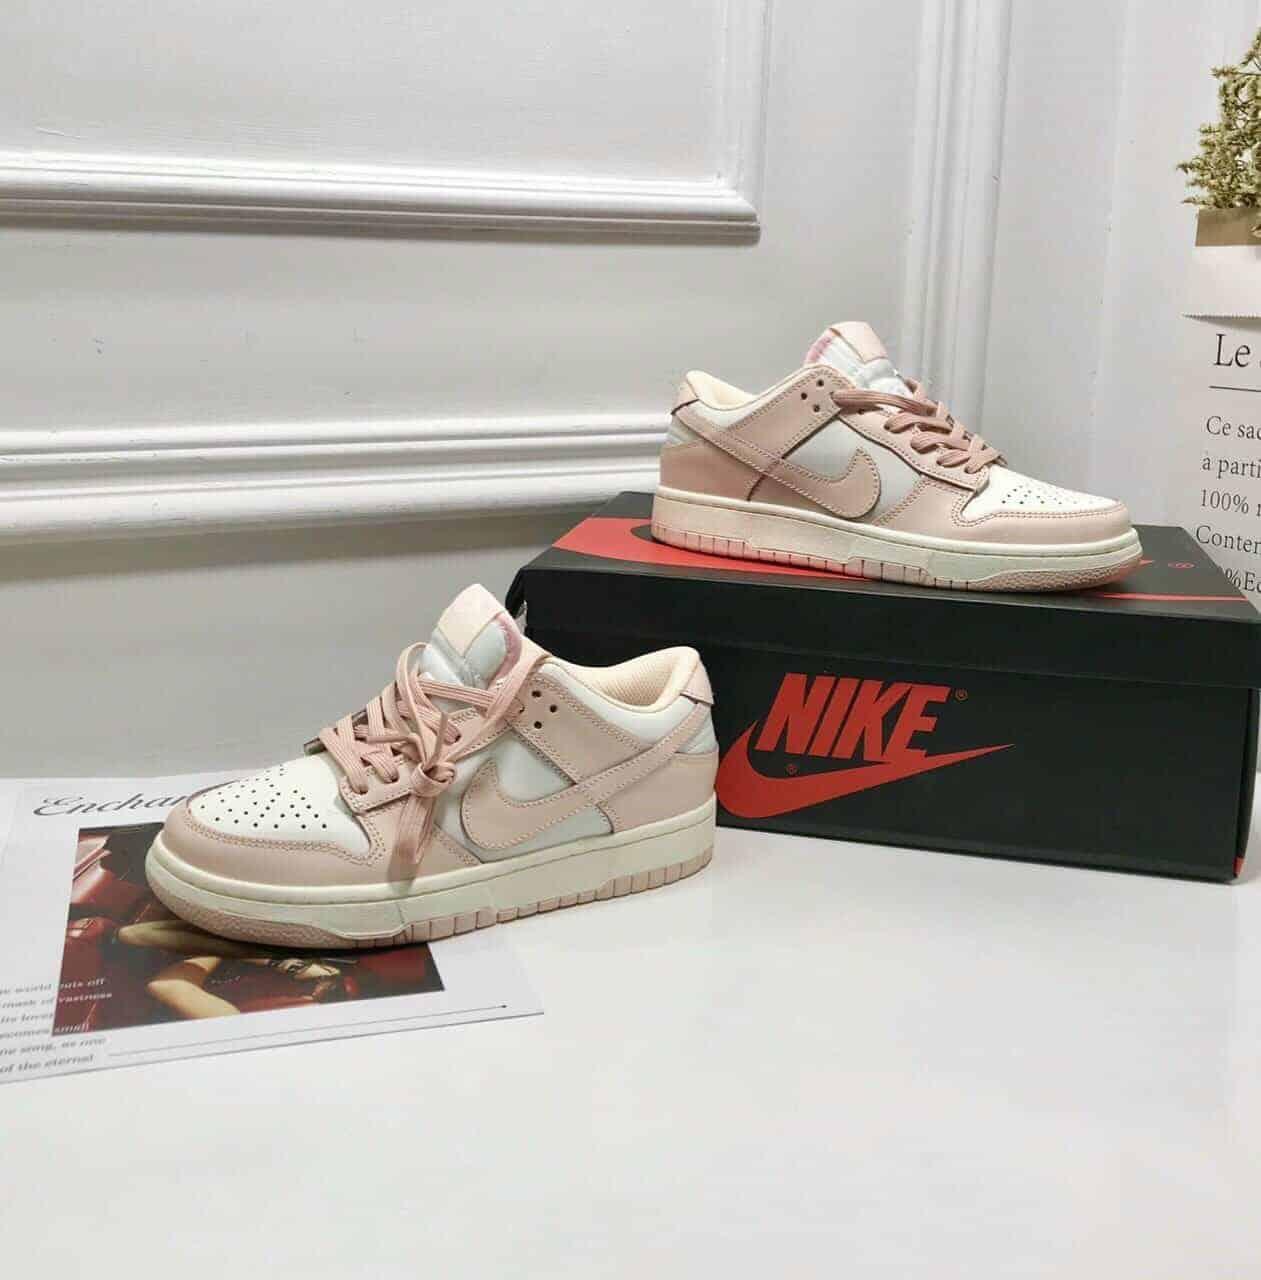 Nike SB Dunk Pink Hồng Rep 1:1 có thiết kế giống Nike chính hãng 99%
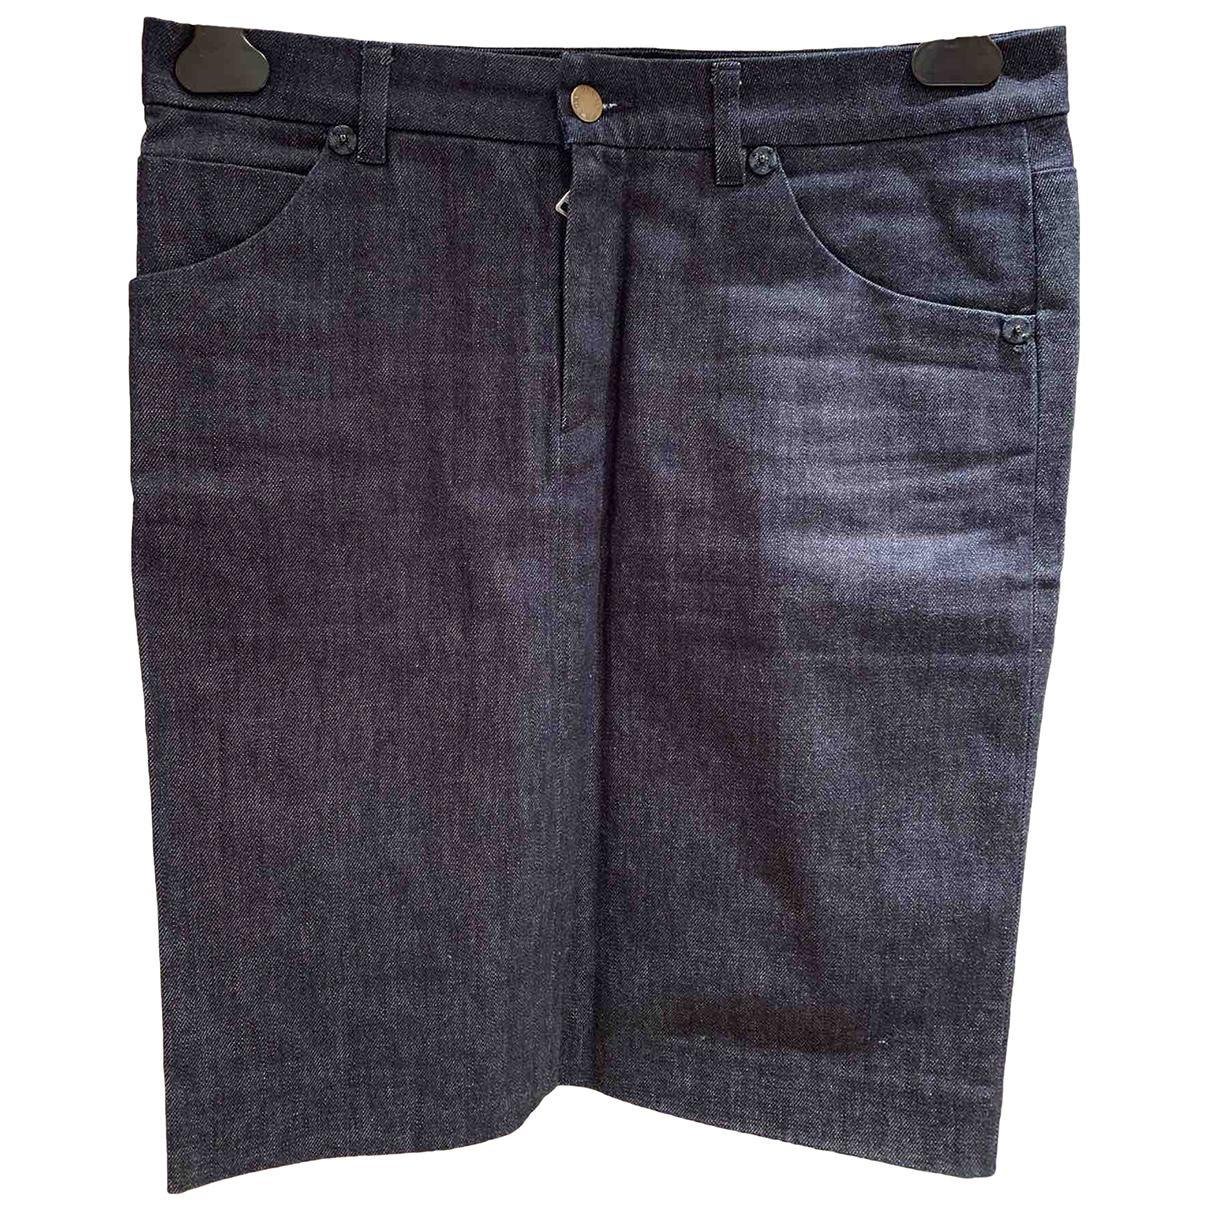 Prada \N Blue Cotton skirt for Women 42 IT
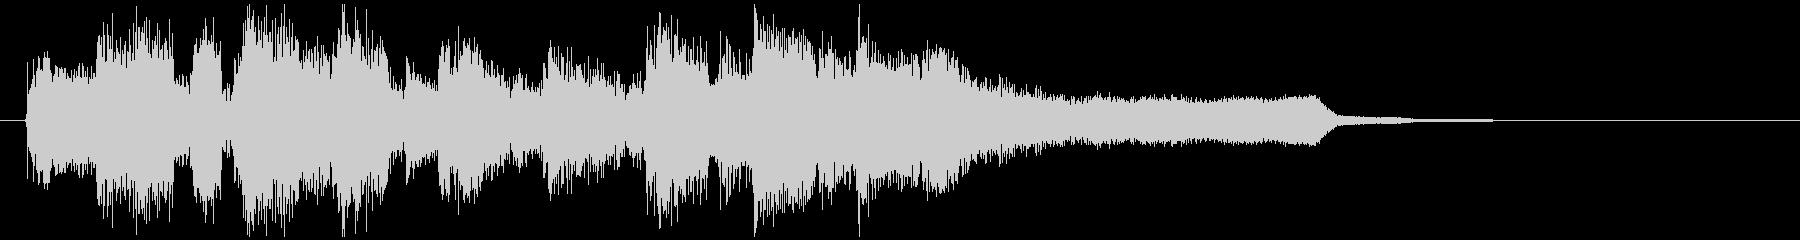 ミディアムテンポのジャズ、サックスのロゴの未再生の波形
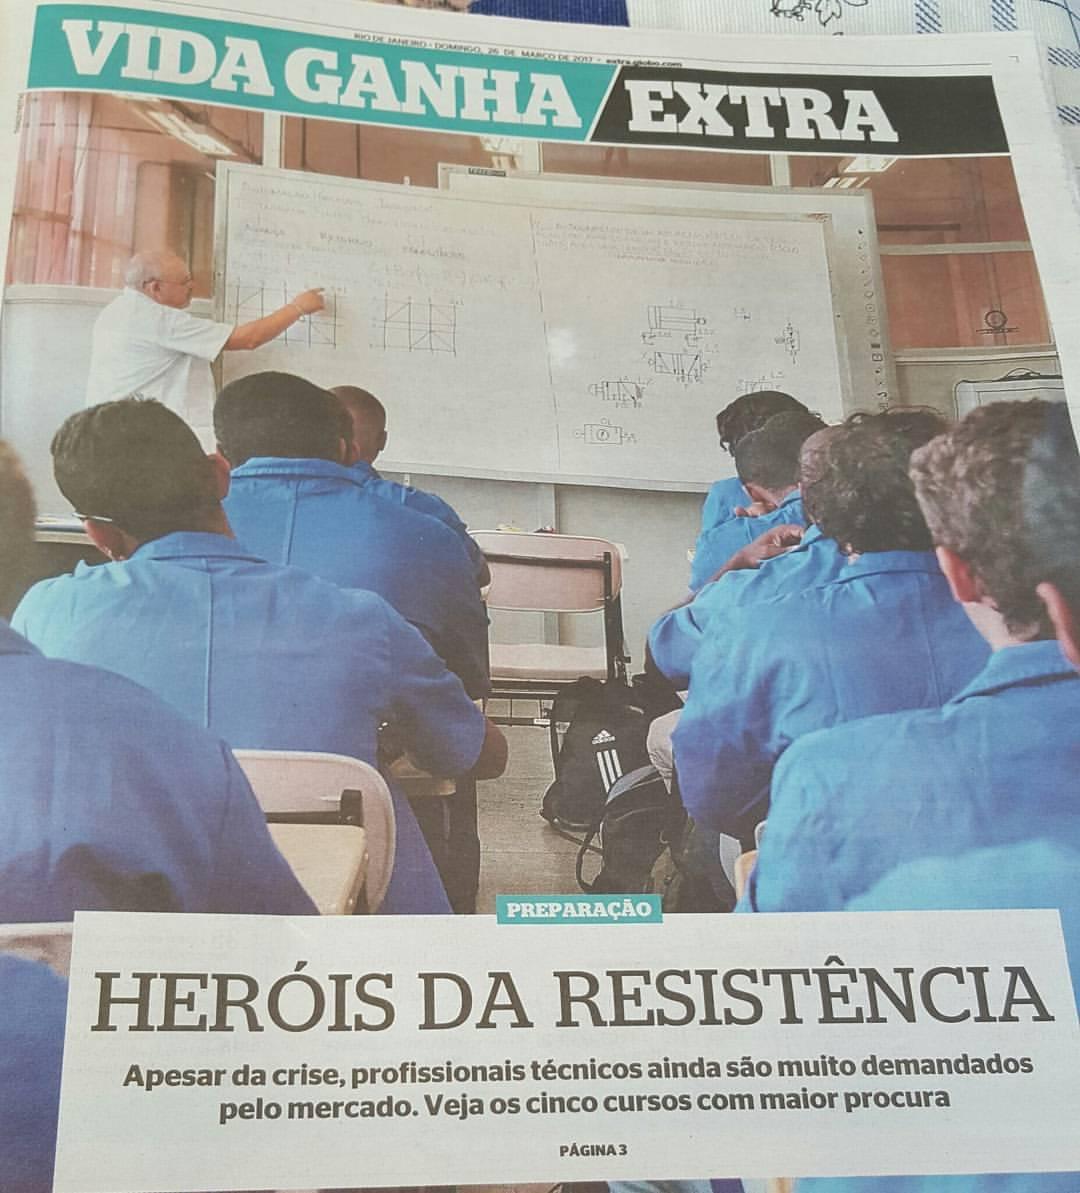 HERÓIS DA RESISTÊNCIA – Apesar da crise, profissionais técnicos ainda são muito demandados pelo mercado.
━━━━━━
**TASK PROMPT**
An exact copy is needed of the lines running from the one with "Prada \N Blue Cotton skirt for Women 42 IT" through the end of the data above, and of those lines only, without pictures.

**RESULT OF THE EXERCISE**
 Prada \N Blue Cotton skirt for Women 42 IT
 ミディアムテンポのジャズ、サックスのロゴの未再生の波形
 HERÓIS DA RESISTÊNCIA – Apesar da crise, profissionais técnicos ainda são muito demandados pelo mercado.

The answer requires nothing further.